Now we insert a new array. It appears to be inserted the same as any other object.

db.insert({'array': np.random.rand(10,10)})
db.insert({'array': np.random.rand(10,10)})
print(db.count())
db.select_df(limit=3)
2


/DataDrive/code/doctable/examples/../doctable/doctable.py:365: UserWarning: Method .insert() is depricated. Please use .q.insert_single(), .q.insert_single_raw(), .q.insert_multi(), or .q.insert_multi() instead.
  warnings.warn('Method .insert() is depricated. Please use .q.insert_single(), '
/DataDrive/code/doctable/examples/../doctable/doctable.py:391: UserWarning: .insert_single() is depricated: please use .q.insert_single() or .q.insert_single_raw()
  warnings.warn(f'.insert_single() is depricated: please use .q.insert_single() or '
/DataDrive/code/doctable/examples/../doctable/doctable.py:403: UserWarning: Method .count() is depricated. Please use .q.count() instead.
  warnings.warn('Method .count() is depricated. Please use .q.count() instead.')
/DataDrive/code/doctable/examples/../doctable/doctable.py:420: UserWarning: Method .select_df() is depricated. Please use .q.select_df() instead.
  warnings.warn('Method .select_df() is depricated. Please use .q.select_df() instead.')
/DataDrive/code/doctable/examples/../doctable/connectengine.py:69: SAWarning: TypeDecorator PickleFileType() will not produce a cache key because the ``cache_ok`` attribute is not set to True.  This can have significant performance implications including some performance degradations in comparison to prior SQLAlchemy versions.  Set this attribute to True if this type object's state is safe to use in a cache key, or False to disable this warning. (Background on this error at: https://sqlalche.me/e/14/cprf)
  return self._engine.execute(query, *args, **kwargs)
id array
0 1 [[0.5329174823769329, 0.45399901667272, 0.4110...
1 2 [[0.6837499182333924, 0.40540705856582326, 0.6...

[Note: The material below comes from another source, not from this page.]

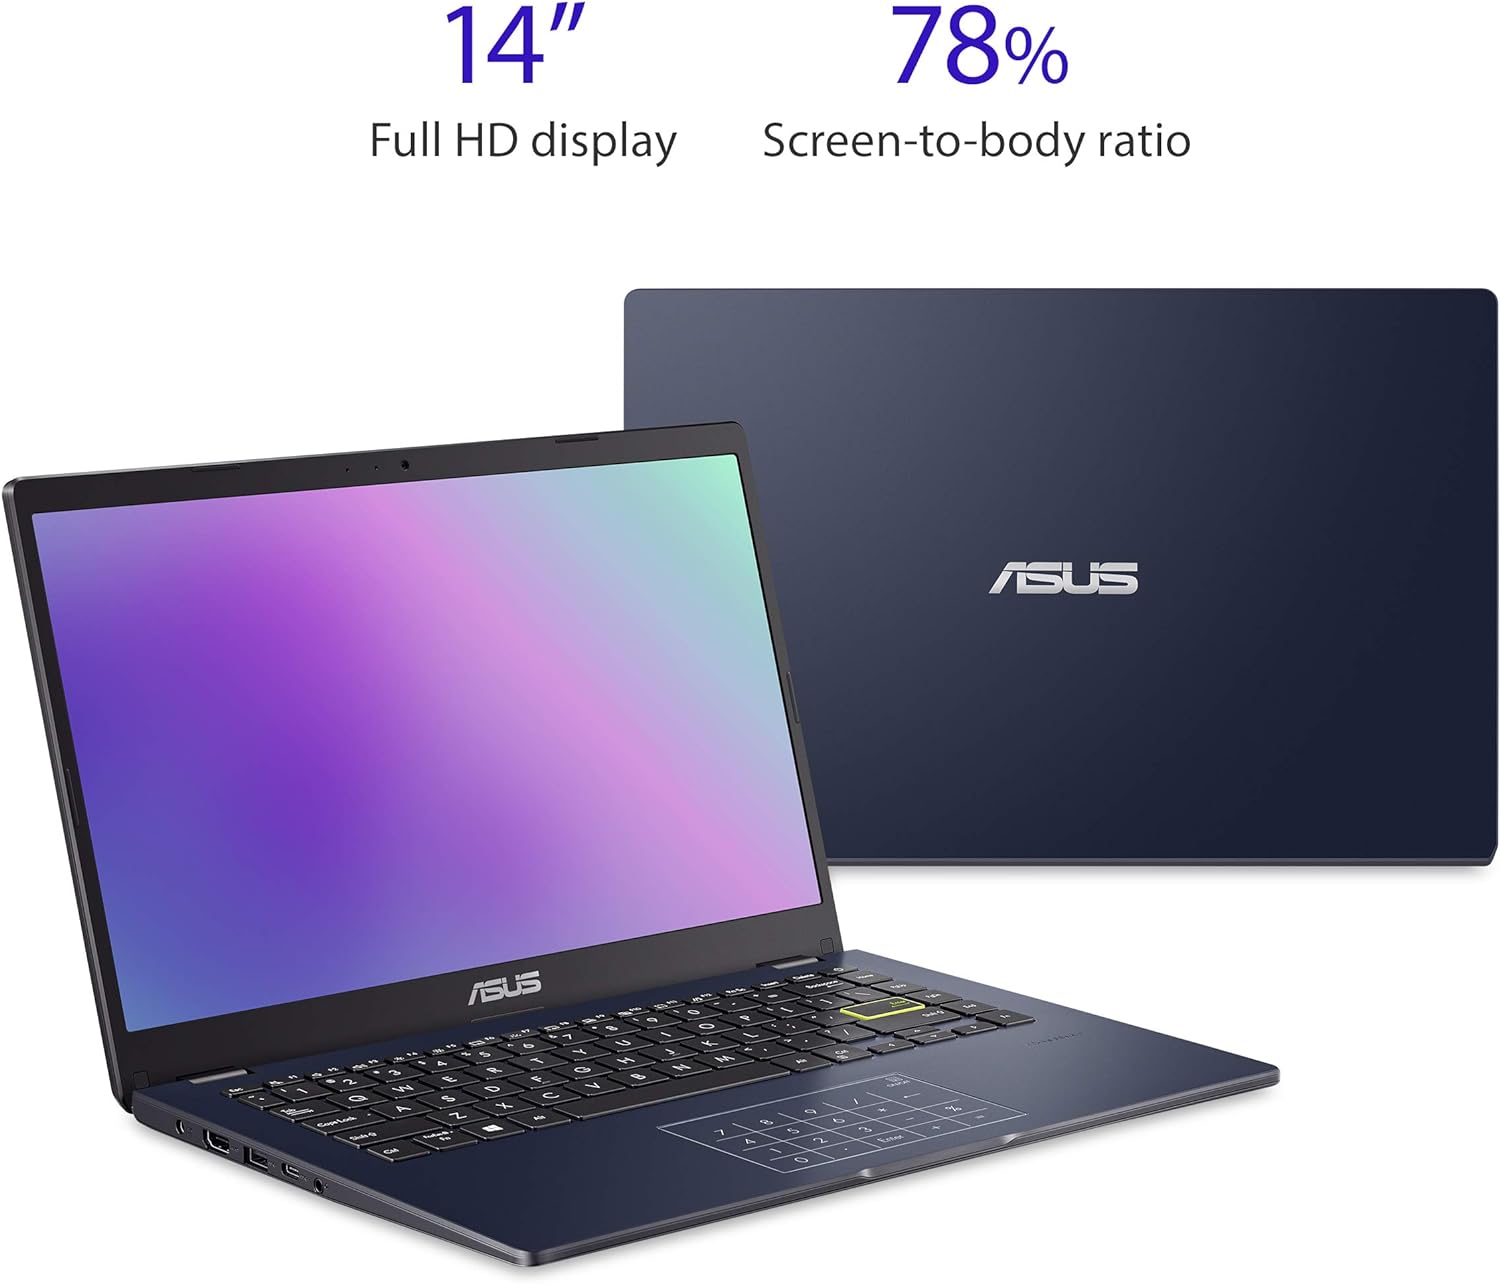 ASUS Vivobook Go 14 L410 Ultra Thin Laptop, 14” FHD Display, Intel Celeron N4020 Processor, 4GB RAM, 64GB eMMC, NumberPad, Windows 11 Home in S Mode, 1 Year Microsoft 365, Star Black, L410MA-AH02
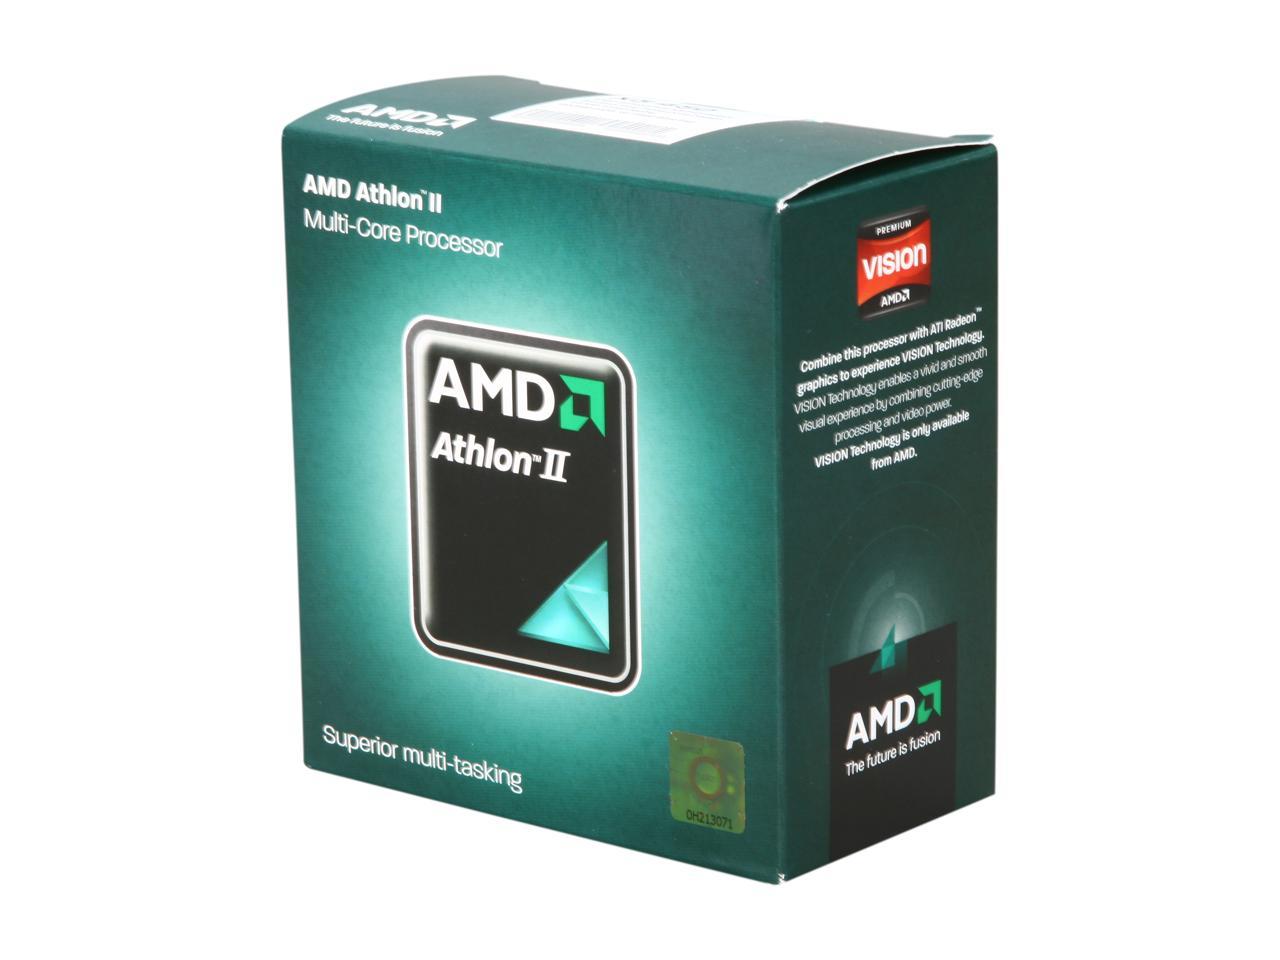 AMD Athlon II X3 450 Rana Triple-Core 3.2 GHz Socket AM3 95W ADX450WFGMBOX Desktop Processor

But when we actually look at the filesystem, we see that files have been created to store the array.

for fpath in tmpfolder.rglob('*.pic'):
    print(str(fpath))
/tmp/tmpkoe57pma/matrix_pickle_files/838448859815.pic
/tmp/tmpkoe57pma/matrix_pickle_files/241946168596.pic

If we want to see the raw data stored in the table, we can create a new doctable without a defined schema. See that the raw filenames have been stored in the database. Recall that the directory indicating where to find these files was provided in the schema itself.

vdb = doctable.DocTable(f'{tmpfolder}/test.db')
print(vdb.count())
vdb.head()
2


/DataDrive/code/doctable/examples/../doctable/doctable.py:403: UserWarning: Method .count() is depricated. Please use .q.count() instead.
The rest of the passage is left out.